Assignment - Verbatim copy, pictures excluded: every line from the one with "箱根の綺麗な景色を眺めながら、温泉の後のコーヒーは最高でした😆 ⁡ ⁡" through the final line of the data below, and no other line.

Provided material -
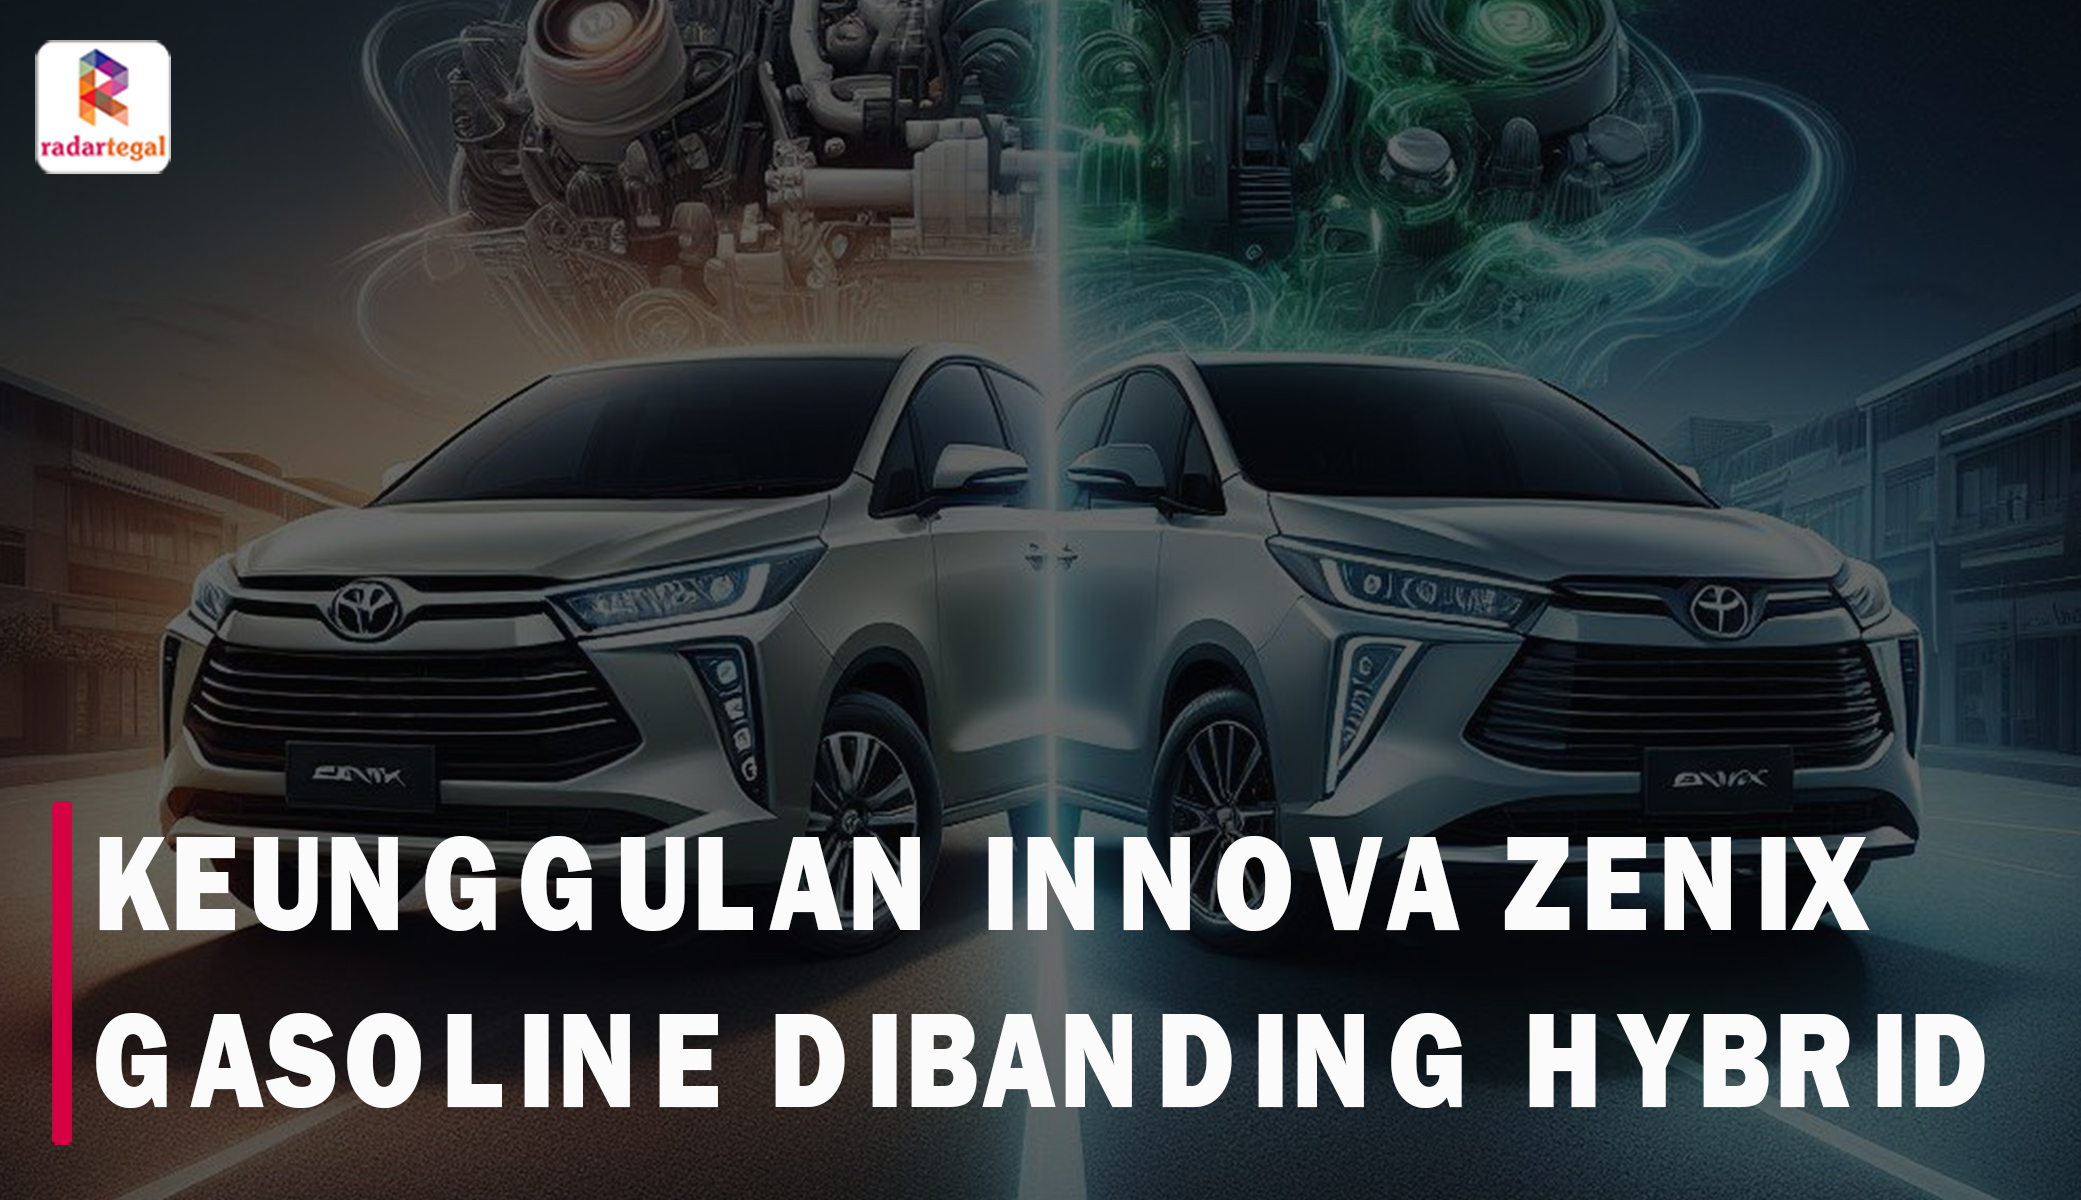 Keunggulan Toyota Innova Zenix Gasoline Dibanding Versi Hybrid, Ini Untungnya Bagi Pengguna
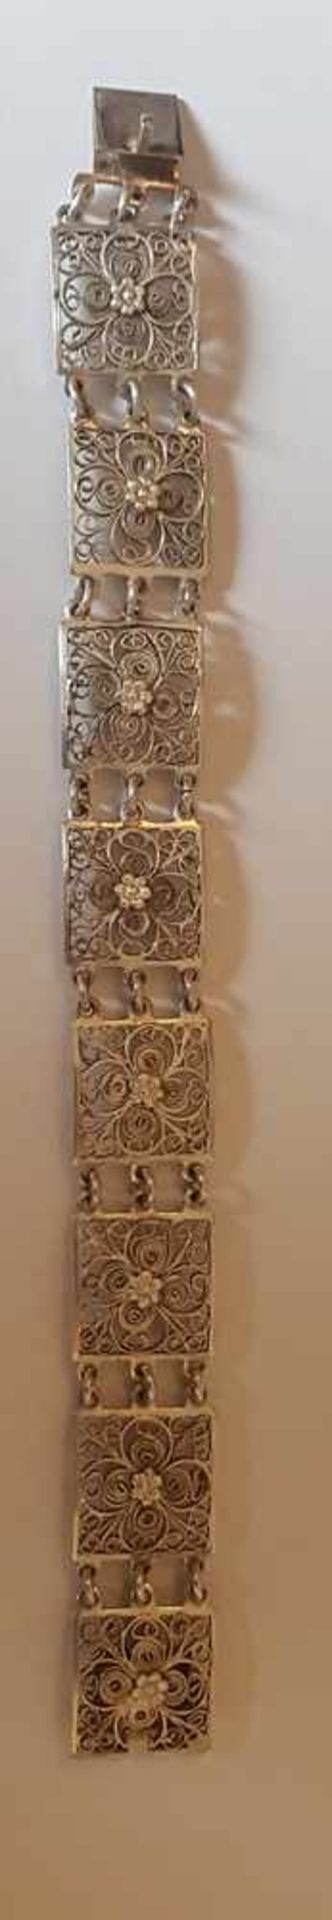 Armkette, Silber 800 , Länge 19cm , Filigranierarbeit, Steckschließe , 20,7g , - Bild 3 aus 3
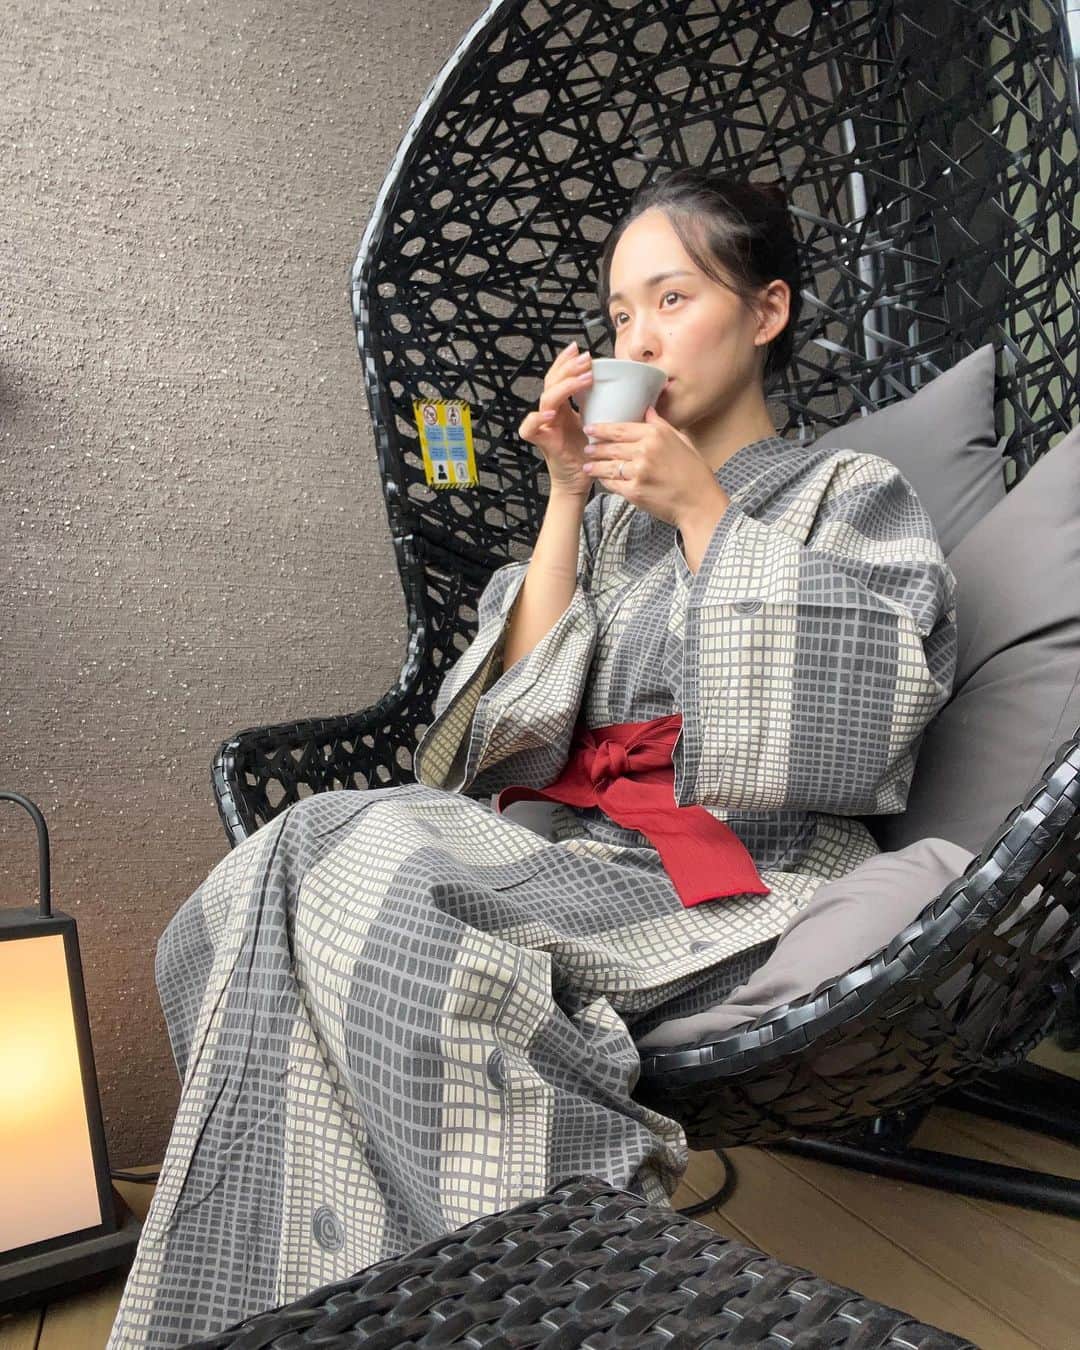 坂野志津佳のインスタグラム：「旅先でもヨガコーヒー☕️ @yogacoffee.jp  ⁡ ⁡ 先日家族で箱根旅行に行きました！ ⁡ アンバサダーをさせていただいているヨガコーヒーを持って行き、旅先でもいつもの味でほっと一息☺️🌿 ⁡ 箱根の綺麗な景色を眺めながら、温泉の後のコーヒーは最高でした😆 ⁡ ⁡ ⁡ ⁡ ⁡ ヨガとコーヒーが大好きで、 ヨガもコーヒーも深みがあっておもしろい。 ⁡ どちらもリラックスできるもので、どこか似ているような感覚があります。 ⁡ お金をいただいているわけでもなくシンプルに、ヨガとコーヒーの素晴らしさをいろんな人に知ってもらいたい！という思いで、3期続けて今月からもアンバサダー継続をさせていただきました😊 ⁡ ⁡ ヨガとコーヒー好きな仲間のみなさん、よろしくどうぞ〜！！ ⁡ ⁡ ⁡ 〜〜〜〜〜〜〜〜〜〜〜〜〜〜〜〜〜 ⁡ ［イベントレッスン］ ⁡ ■「マインドフルネスヨガとティータイム」 10月21日(土) 13:30〜15:00→🈵キャンセル待ち 12月16日(土) 13:30〜15:00→残3名 𖥣ブライトンスタジオ代官山 @brighton_studio_daikanyama  ⁡ ■「親子ヨガ」 11月25日(土) 10:30〜11:30 𖥣恵比寿カルフールスタジオ @ebisu_.carrefour  ⁡ ⁡ ［レギュラークラス］ ⁡ □毎週月曜日 12:00〜13:15 「リラックスフローヨガ」(マタニティー可) 𖥣ヨガスタジオgllow 二子玉川 ⁡ □毎週火曜日 8:15〜9:15 「朝ヨガ」 𖥣ヨガスタジオgllow自由が丘 ⁡ □毎週木曜日 12:00〜13:15 「リフレッシュヨガ」(マタニティー可) 𖥣ヨガスタジオgllow二子玉川 ⁡ @yogagllow   ⁡ ※詳細・予約はトップページにリンクしています。 ⁡ 〜〜〜〜〜〜〜〜〜〜〜〜〜〜〜〜〜 ⁡ ⁡#ヨガコーヒー #ヨガ #コーヒー #珈琲 #コーヒーのある暮らし #箱根 #天悠 #ヨガインストラクター #coffee  ⁡ ⁡ ⁡ ⁡ ⁡ ⁡」
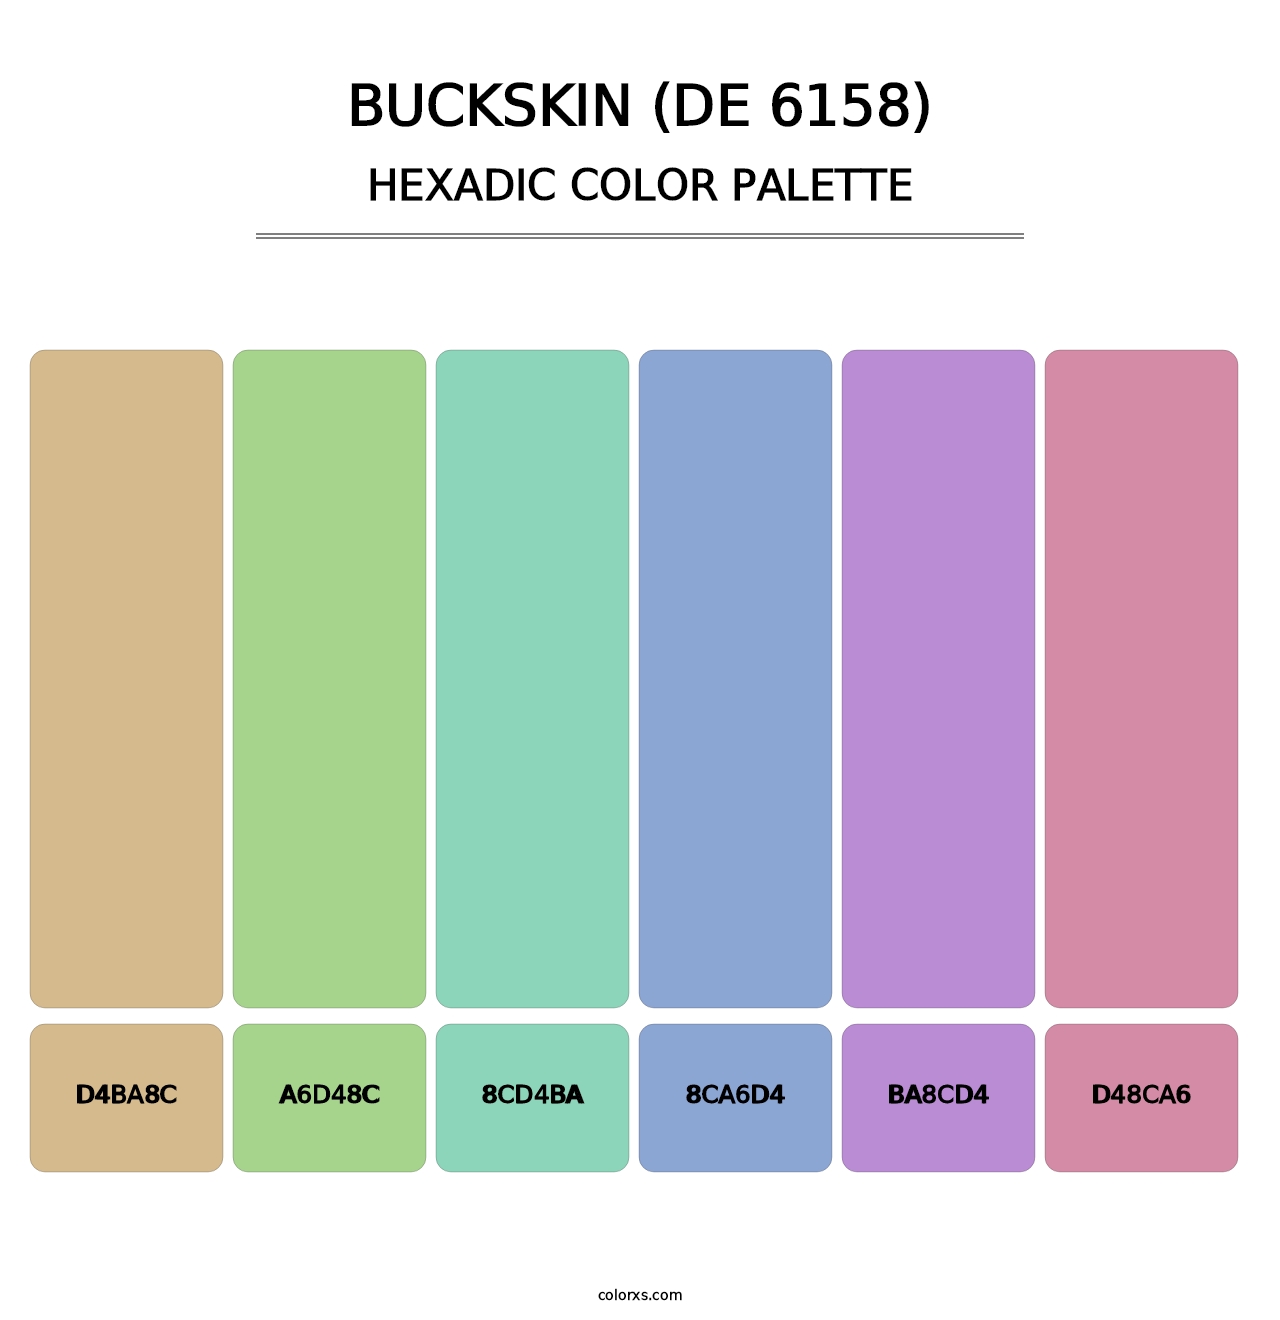 Buckskin (DE 6158) - Hexadic Color Palette

Result for this task -
 坂野志津佳のインスタグラム：「旅先でもヨガコーヒー☕️ @yogacoffee.jp  ⁡ ⁡ 先日家族で箱根旅行に行きました！ ⁡ アンバサダーをさせていただいているヨガコーヒーを持って行き、旅先でもいつもの味でほっと一息☺️🌿 ⁡ 箱根の綺麗な景色を眺めながら、温泉の後のコーヒーは最高でした😆 ⁡ ⁡ ⁡ ⁡ ⁡ ヨガとコーヒーが大好きで、 ヨガもコーヒーも深みがあっておもしろい。 ⁡ どちらもリラックスできるもので、どこか似ているような感覚があります。 ⁡ お金をいただいているわけでもなくシンプルに、ヨガとコーヒーの素晴らしさをいろんな人に知ってもらいたい！という思いで、3期続けて今月からもアンバサダー継続をさせていただきました😊 ⁡ ⁡ ヨガとコーヒー好きな仲間のみなさん、よろしくどうぞ〜！！ ⁡ ⁡ ⁡ 〜〜〜〜〜〜〜〜〜〜〜〜〜〜〜〜〜 ⁡ ［イベントレッスン］ ⁡ ■「マインドフルネスヨガとティータイム」 10月21日(土) 13:30〜15:00→🈵キャンセル待ち 12月16日(土) 13:30〜15:00→残3名 𖥣ブライトンスタジオ代官山 @brighton_studio_daikanyama  ⁡ ■「親子ヨガ」 11月25日(土) 10:30〜11:30 𖥣恵比寿カルフールスタジオ @ebisu_.carrefour  ⁡ ⁡ ［レギュラークラス］ ⁡ □毎週月曜日 12:00〜13:15 「リラックスフローヨガ」(マタニティー可) 𖥣ヨガスタジオgllow 二子玉川 ⁡ □毎週火曜日 8:15〜9:15 「朝ヨガ」 𖥣ヨガスタジオgllow自由が丘 ⁡ □毎週木曜日 12:00〜13:15 「リフレッシュヨガ」(マタニティー可) 𖥣ヨガスタジオgllow二子玉川 ⁡ @yogagllow   ⁡ ※詳細・予約はトップページにリンクしています。 ⁡ 〜〜〜〜〜〜〜〜〜〜〜〜〜〜〜〜〜 ⁡ ⁡#ヨガコーヒー #ヨガ #コーヒー #珈琲 #コーヒーのある暮らし #箱根 #天悠 #ヨガインストラクター #coffee  ⁡ ⁡ ⁡ ⁡ ⁡ ⁡」
 Buckskin (DE 6158) - Hexadic Color Palette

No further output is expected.